The distinct separation observed in Kaplan–Meier survival curves for overall survival, coronary artery disease, heart failure, and stroke when classifying patients into accelerated or delayed aging underscores the clinical relevance of our model’s predictions. This provides strong evidence that predicted age serves as a valuable prognostic tool for cardiovascular risk, outperforming stratification by chronological age as an alternative. Across all outcomes, predicted age consistently demonstrated a higher hazard ratio, suggesting that predicted age estimates capture additional risk information beyond traditional age-based assessments. Additionally, the incremental rise in mean ASCVD risk scores across predicted age groups further validates our model’s clinical relevance21 and underscores the potential of integrating our model for more accurate risk stratification and prognosis.

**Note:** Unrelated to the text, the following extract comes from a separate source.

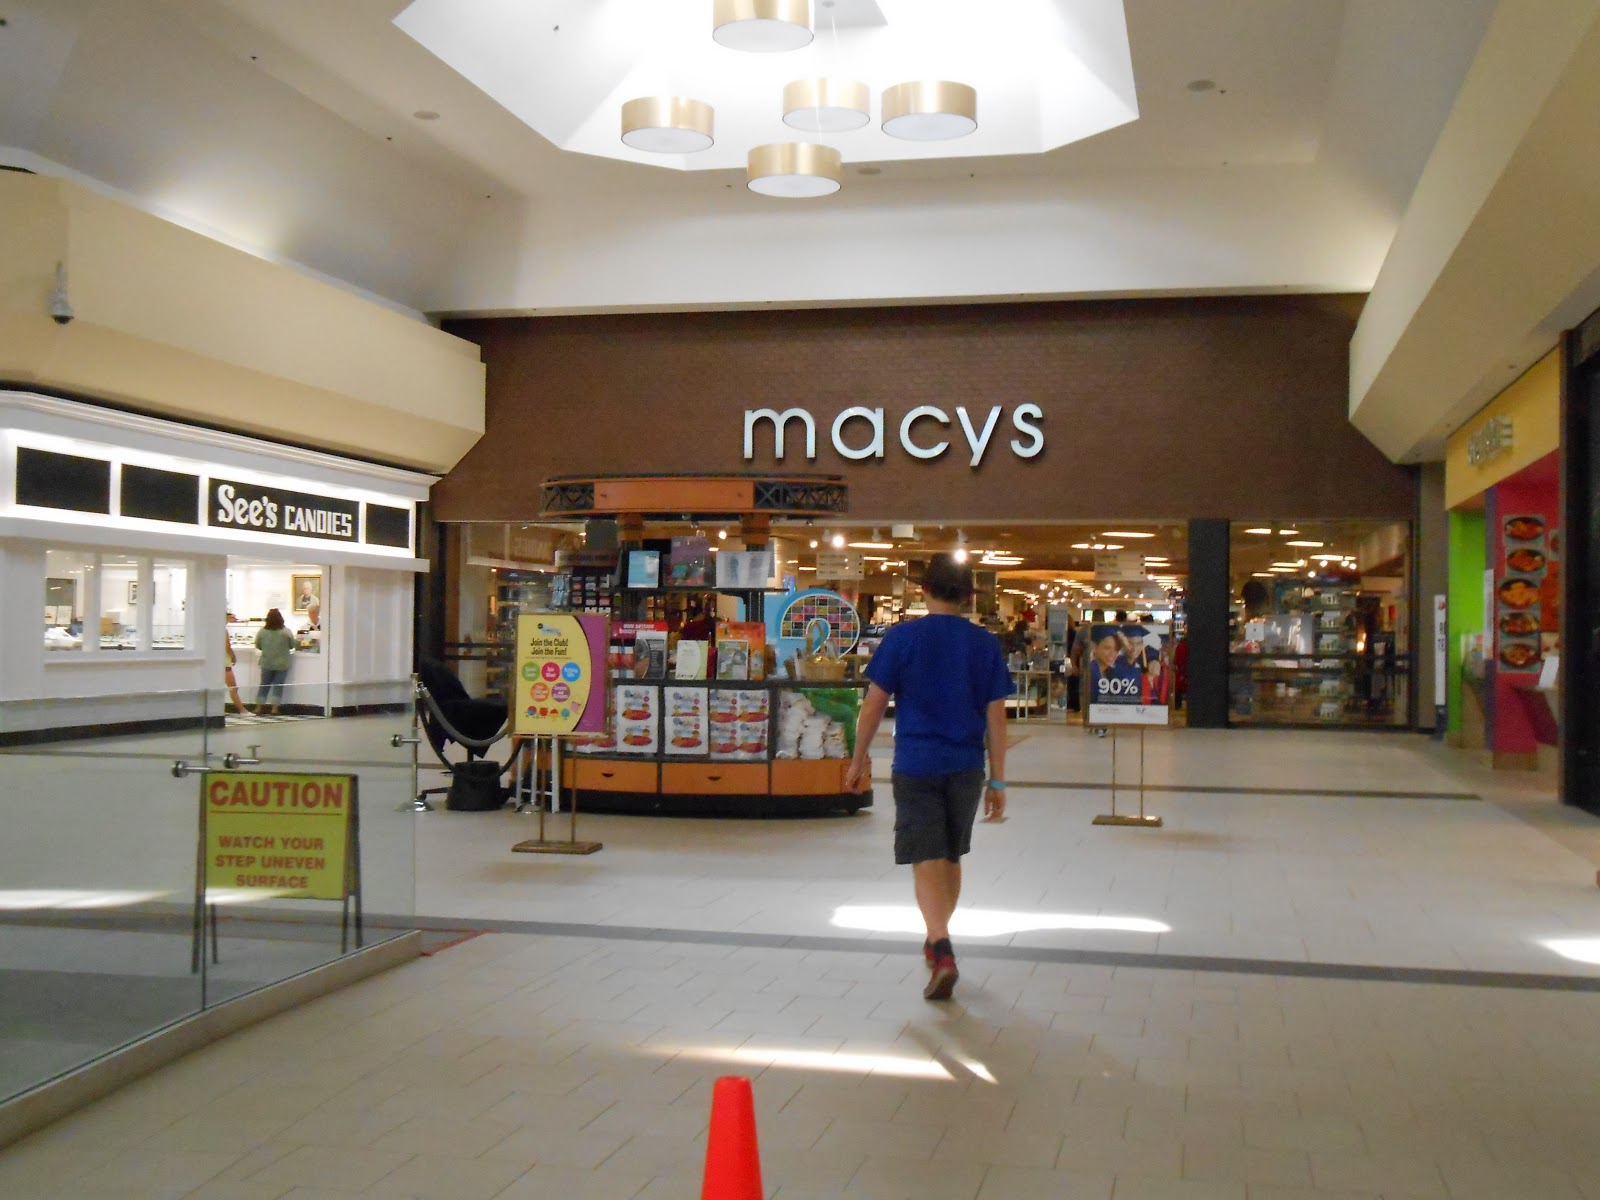 Hayden S Business Blog Meadowood Mall In Reno Will Get

An intriguing aspect of our findings is the “rejuvenation” effect observed in post-heart transplant patients, where the model predicted younger ages following transplant. This observation aligns with the model’s focus on age-sensitive cardiac features, suggesting that post-transplant cardiac morphology and function resemble that of a younger heart, despite the recipient’s chronological age28. The observed reduction in predicted age reflects a transformation in cardiac imaging phenotype from a structurally diseased to a healthy donor heart rather than a reversal of biological age. Predicted age in this context should be understood as a surrogate for cardiac age, not systemic aging.

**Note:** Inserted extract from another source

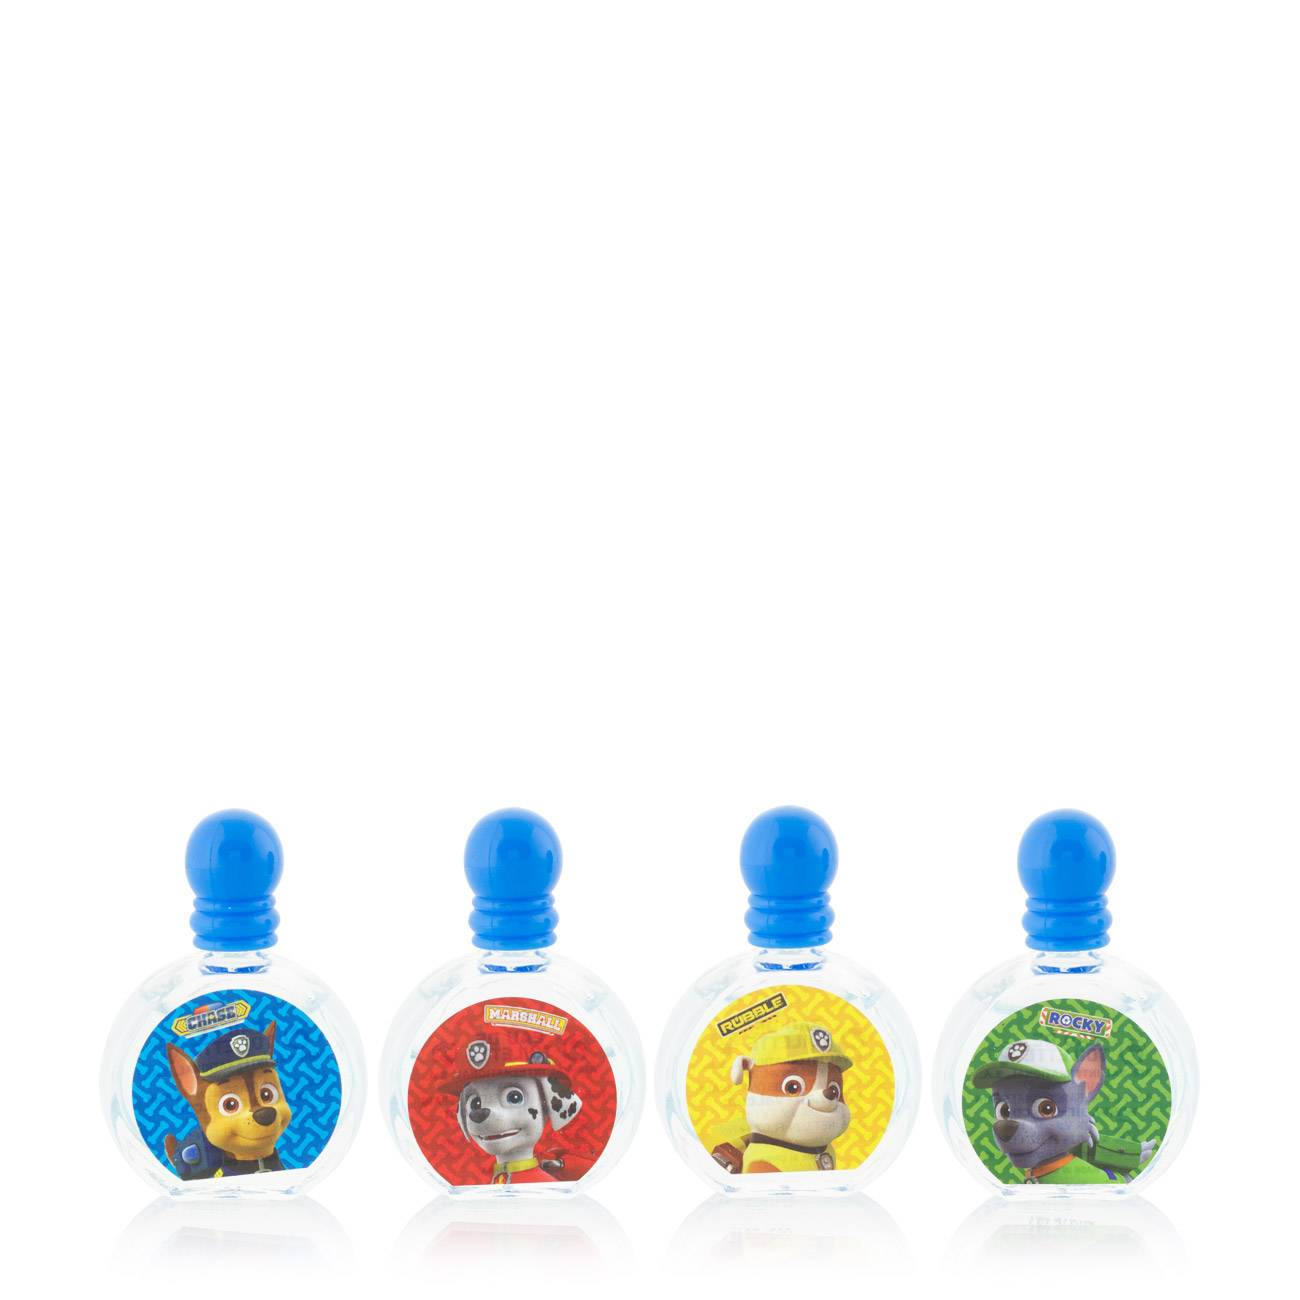 Paw Patrol Miniature Set 28ml Kids World imagine 2021 bestvalue.eu

The guided backpropagation saliency maps revealed that our model focuses on clinically relevant cardiac structures, primarily the crux cordis, mitral annulus, and mitral valve across all views. The mitral annulus is a prominent region where age-related structural and functional changes, such as mitral annular calcification, commonly occur25. Mitral annular calcification has been identified as a potential marker of biological aging that is associated with cardiovascular as well as non-cardiovascular morbidity and mortality29,30. The mitral valve is also prone to degenerative changes like sclerosis or calcification with age25,27,31. This alignment lends biological plausibility to our model’s predictions and enhances its interpretability for clinicians. This was also confirmed by SHAP interpretability method.

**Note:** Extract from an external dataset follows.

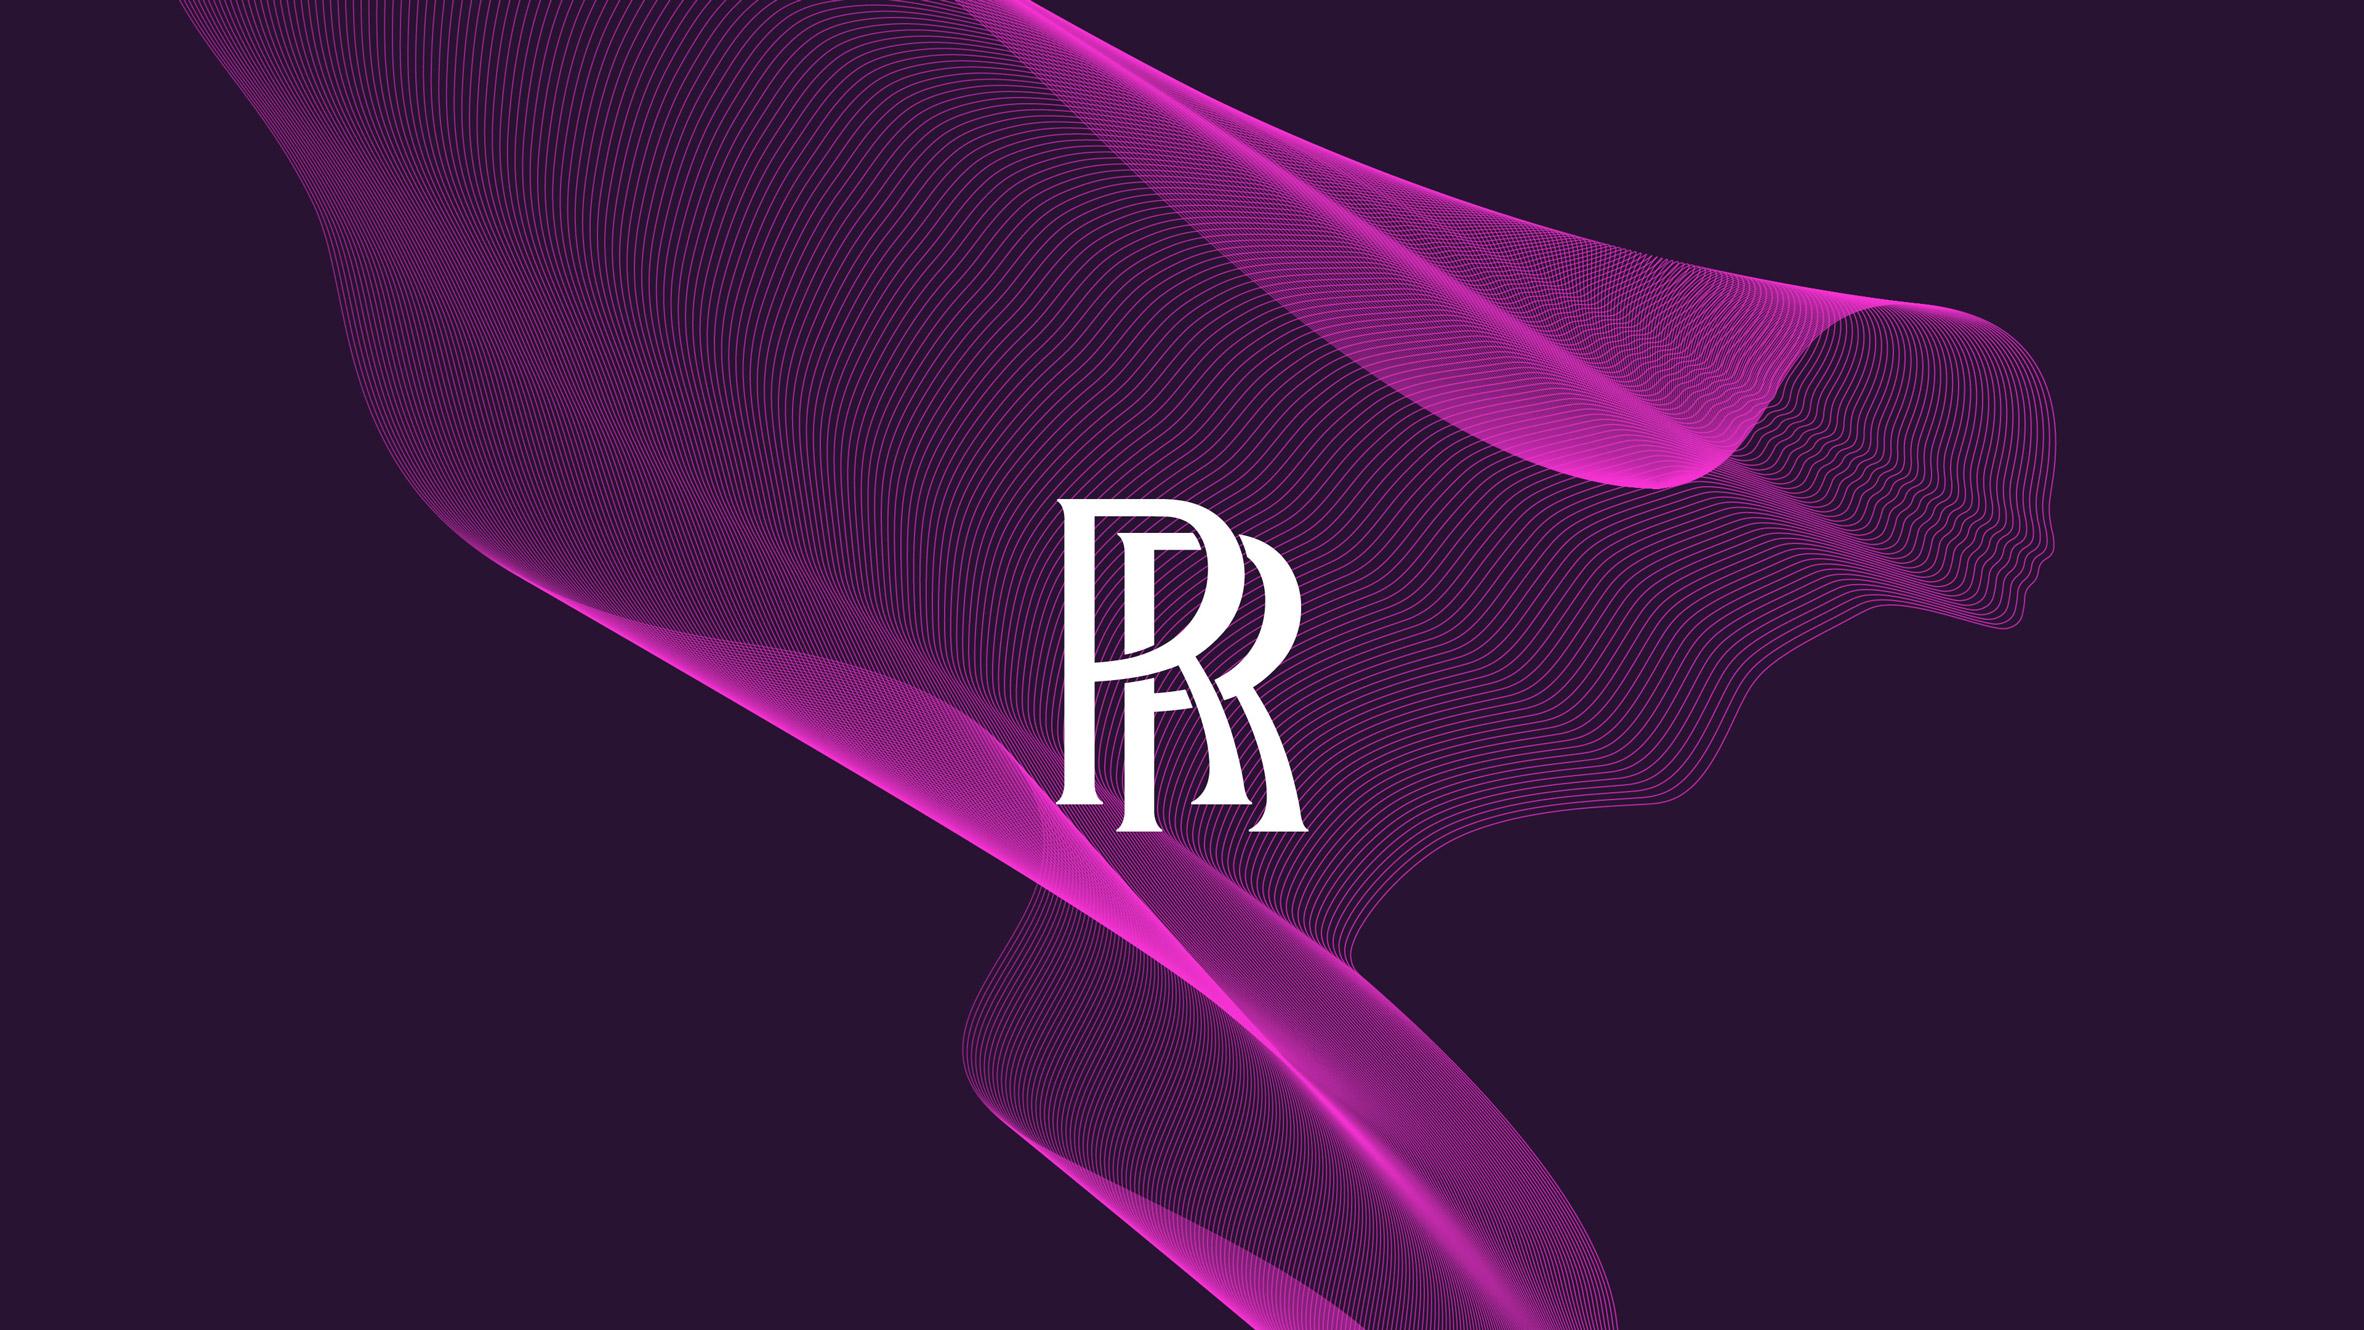 Rolls Royce Unveils Confident But Quiet Rebrand By Pentagram

Despite these promising findings, several limitations warrant consideration. Although echocardiography is commonly used as a screening tool in both symptomatic and asymptomatic individuals, the dataset is derived from patients undergoing clinically indicated imaging and therefore may still be enriched for individuals with underlying health concerns due to the clinical setting. While we excluded patients with major cardiovascular interventions (e.g., CABG, valve replacement, transplantation) to minimize disease related bias, the cohort may not fully reflect the distribution of cardiac aging in an asymptomatic or community-based population. Future studies validating the model in asymptomatic screening or population-based cohorts will be important to assess generalizability to lower risk groups and to support broader use in preventive cardiology. Given the accessibility of echocardiography in many care settings, including those with limited resources, AI-predicted age may offer a scalable tool for cardiovascular risk stratification. Prospective studies are needed to assess how such tools affect clinical decision-making. Furthermore, the performance of creatinine, hemoglobin, and BNP integrated model was comparable to models using echocardiographic views alone, suggesting that the age predictions reflect underlying biological processes associated with cardiovascular aging. Further validation with multi-omics markers, such as DNA methylation-based clocks or proteomic aging indices, is warranted to understand the biological underpinnings of predicted cardiac age32. We acknowledge that this study represents preliminary discovery science, and further clinical validation is essential. Prospective, randomized trials will be necessary to establish whether discrepancies between predicted and chronological age can inform clinical decision-making or guide therapeutic interventions.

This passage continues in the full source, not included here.